- **Brief**: Reproduce precisely the lines of the listing below, starting with the line that contains "modern electric kettle" and stopping after the line that contains "Baird 19R1 Remote Control"; include nothing else.
(Beginning of Data listing)
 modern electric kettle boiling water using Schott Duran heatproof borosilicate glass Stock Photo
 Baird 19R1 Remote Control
(End of Data listing)
(Beginning of Data listing)
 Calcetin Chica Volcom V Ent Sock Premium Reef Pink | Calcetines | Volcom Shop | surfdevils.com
(End of Data listing)
- **Exercise result**:
 modern electric kettle boiling water using Schott Duran heatproof borosilicate glass Stock Photo
 Baird 19R1 Remote Control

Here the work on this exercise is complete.